If your study period spans a change in approved indications, consider applying a date cutoff: include only prescriptions issued before the new indication became common, or stratify your analysis by period.


Part 3: Going further

Non-diagnostic code lists

For some research questions you may want to exclude events that represent administrative activity (e.g. annual review codes, referral codes) rather than a genuine diagnosis. These can be included in your code list with a distinct condition label (e.g. "condition_admin") and filtered out after extraction.

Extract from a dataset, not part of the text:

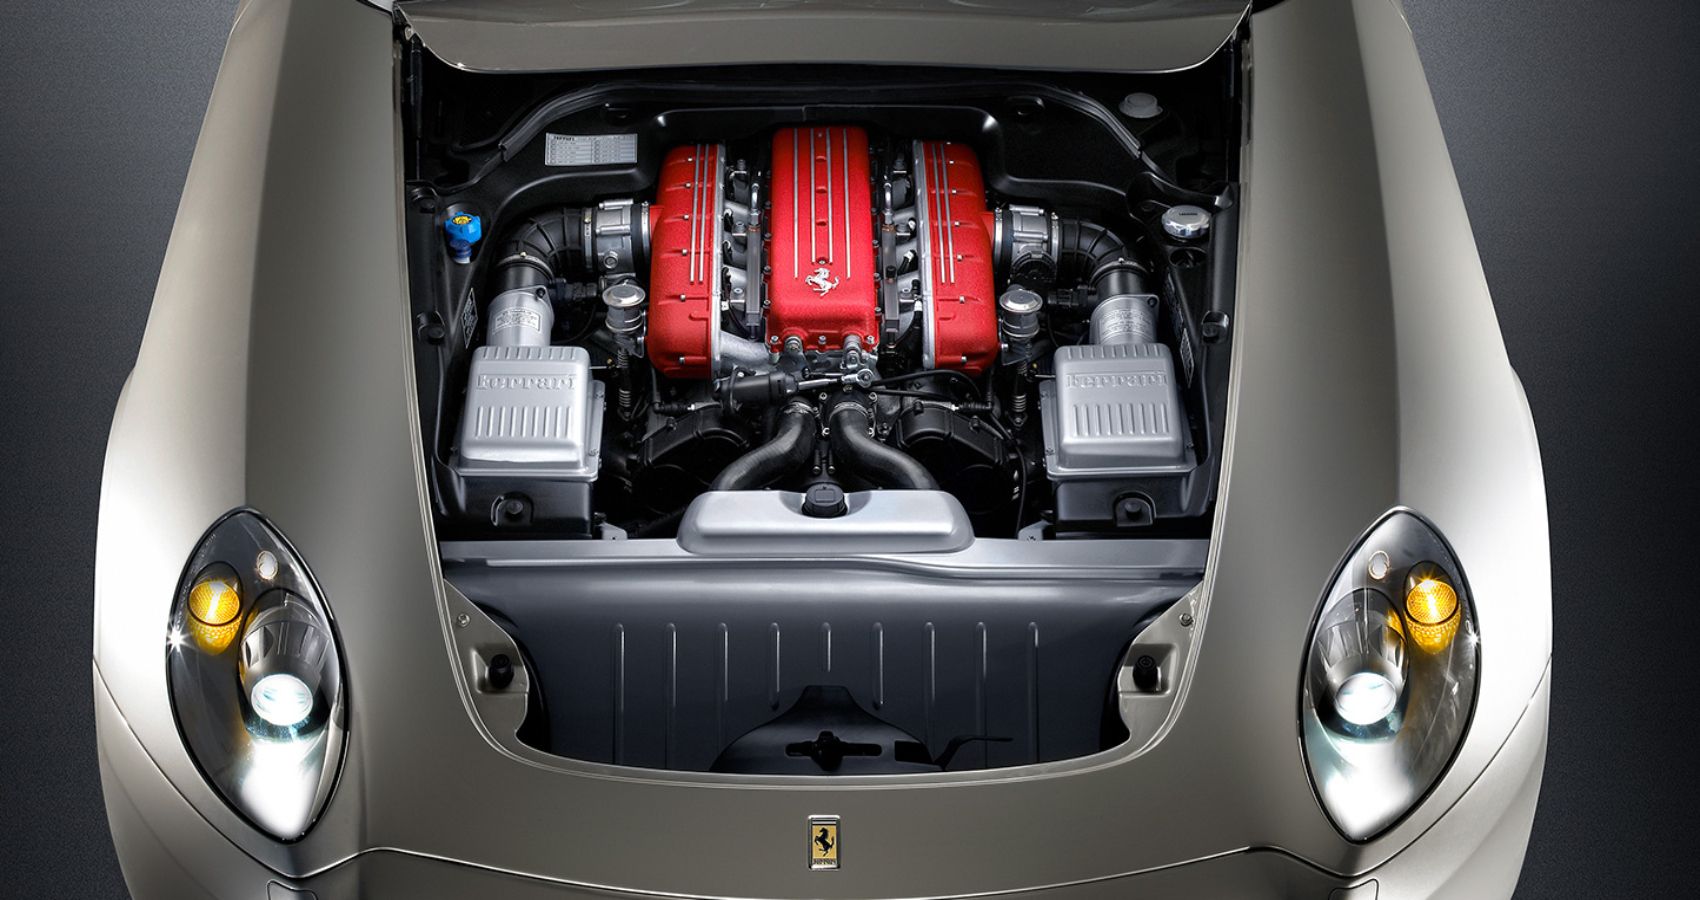 Ferrari 612 Scaglietti V12 Engine Top Image

Delivery and procedure codes

If your study excludes events during pregnancy or within a window around a surgical procedure, you can build a separate code list for those events following the same CSV schema, extract them with extract_diagnoses.R, and use the resulting dates to define exclusion windows.

Classifying diabetes in UK Biobank

If your research question involves identifying and classifying diabetes cases (type 1, type 2, or other) from UK Biobank linked records, a dedicated R package has been developed at Steno Diabetes Center Aarhus:

UKDC — UK Diabetes Classifier Currently available at: https://github.com/steno-aarhus/UKDC (formal publication forthcoming)

UKDC handles GP diagnosis extraction, HES extraction, prescription classification, pregnancy exclusion, and type classification in a single workflow. The extraction scripts in this guide are general-purpose equivalents of its core extraction functions, designed to work for any condition.